Package peppy Documentation

Class Project

A class to model a Project (collection of samples and metadata).

Parameters:

  • cfg (str | Mapping): Project config file (YAML), or appropriatekey-value mapping of data to constitute project
  • sample_table_index (str | Iterable[str]): name of the columns to setthe sample_table index to
  • subsample_table_index (str | Iterable[str]): name of the columns to setthe subsample_table index to
  • amendments (str | Iterable[str]): names of the amendments to activate
  • amendments (Iterable[str]): amendments to use within configuration file

Examples:

    from peppy import Project
    prj = Project("ngs")
    samples = prj.samples
def __init__(self, cfg=None, amendments=None, sample_table_index=None, subsample_table_index=None, defer_samples_creation=False)

Initialize self. See help(type(self)) for accurate signature.

def activate_amendments(self, amendments)

Update settings based on amendment-specific values.

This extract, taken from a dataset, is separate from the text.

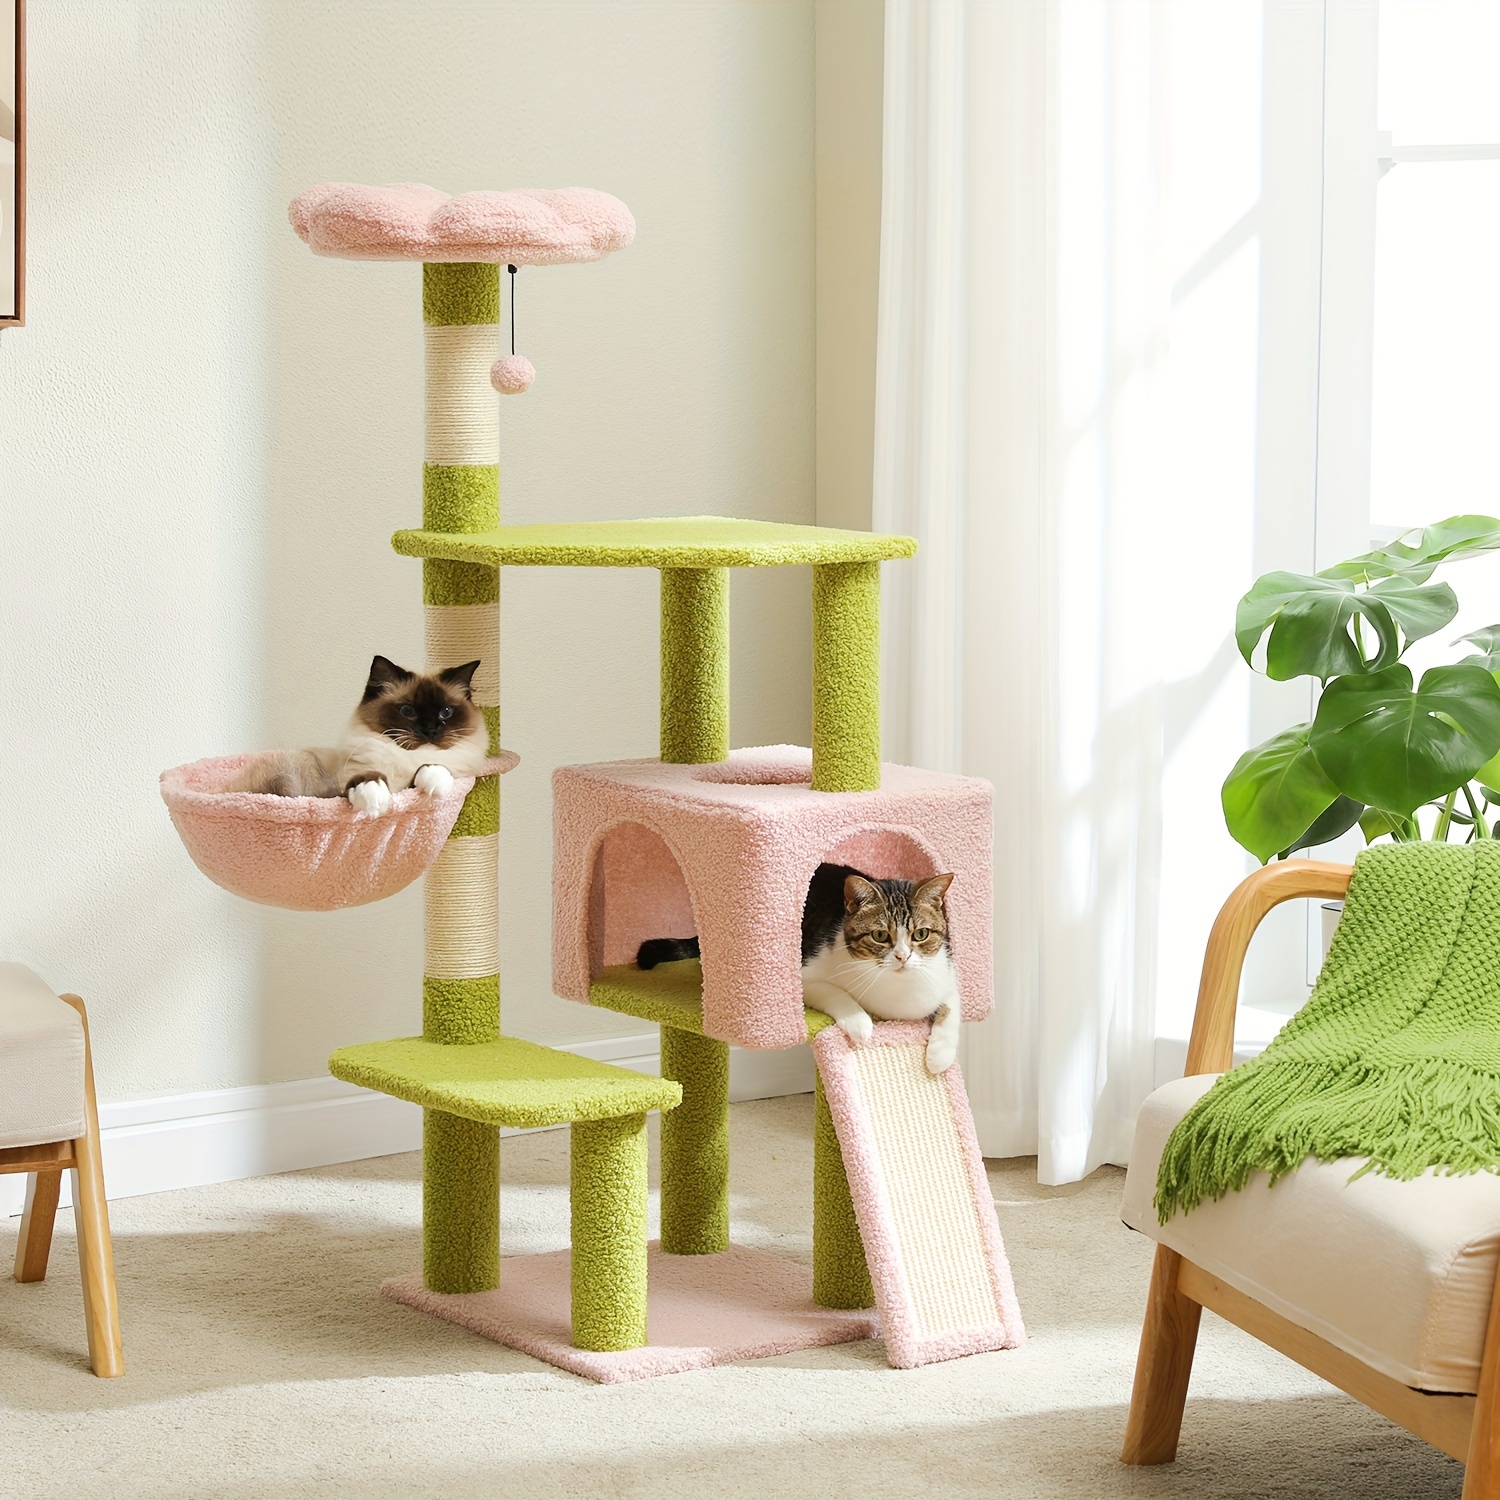 

Flower Cat Tree 47.2" Multi-level Cat Tower With Sisal Covered Scratching Posts, Cute Cat Condo For Indoor Small Medium Cats, Pink Top Perch, Ramp, Fluffy Ball
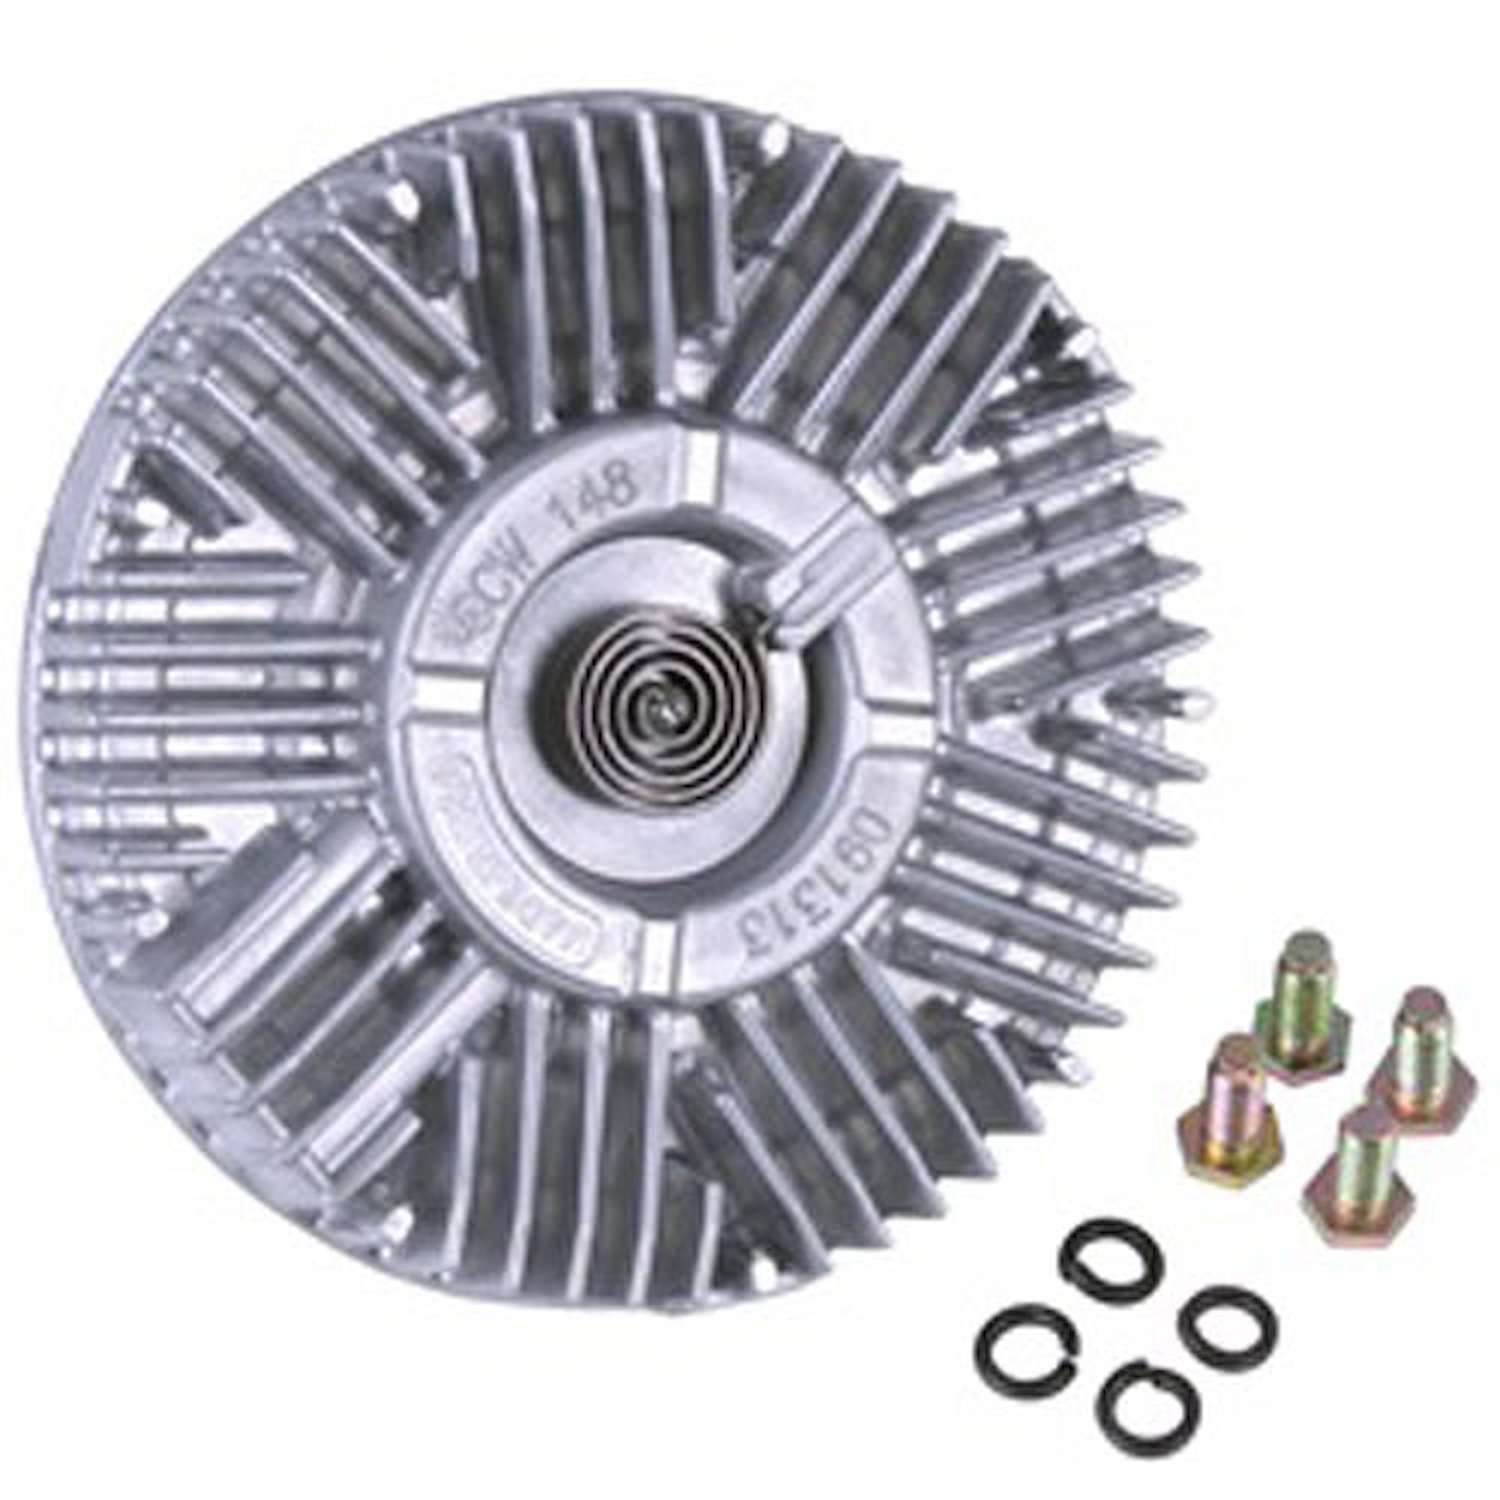 Replacement fan clutch from Omix-ADA, Fits 97-99 Jeep Wranglers with a 4.0L engine.

This method will update Project attributes, adding new values associated with the amendments indicated, and in case of collision with an existing key/attribute the amendments' values will be favored.

Parameters:

  • amendments (Iterable[str]): A string with amendmentnames to be activated

Returns:

  • peppy.Project: Updated Project instance

Raises:

  • TypeError: if argument to amendment parameter is null
  • NotImplementedError: if this call is made on a project notcreated from a config file
def add_samples(self, samples)

Add list of Sample objects

Parameters:

  • samples (peppy.Sample | Iterable[peppy.Sample]): samples to add
def amendments(self)

Return currently active list of amendments or None if none was activated

Returns:

  • Iterable[str]: a list of currently active amendment names
def attr_constants(self)

Update each Sample with constants declared by a Project. If Project does not declare constants, no update occurs.

def attr_derive(self, attrs=None)

Set derived attributes for all Samples tied to this Project instance

def attr_imply(self)

Infer value for additional field(s) from other field(s).

Add columns/fields to the sample based on values in those already-set that the sample's project defines as indicative of implications for additional data elements for the sample.

def attr_merge(self)

Merge sample subannotations (from subsample table) with sample annotations (from sample_table)

def attr_remove(self)

Remove declared attributes from all samples that have them defined

def attr_synonyms(self)

Copy attribute values for all samples to a new one

def config(self)

Get the config mapping

Returns:

  • Mapping: config. May be formatted to comply with the mostrecent version specifications
def config_file(self)

Get the config file path

Returns:

  • str: path to the config file
def copy(self)

Copy self to a new object.

def create_samples(self)

Populate Project with Sample objects

def deactivate_amendments(self)

Bring the original project settings back.

Returns:

  • peppy.Project: Updated Project instance

Raises:

  • NotImplementedError: if this call is made on a project notcreated from a config file
def get_description(self)

Infer project description from config file.

The provided description has to be of class coercible to string

Returns:

  • str: inferred name for project.

Raises:

  • InvalidConfigFileException: if description is not of classcoercible to string
def get_sample(self, sample_name)

Get an individual sample object from the project.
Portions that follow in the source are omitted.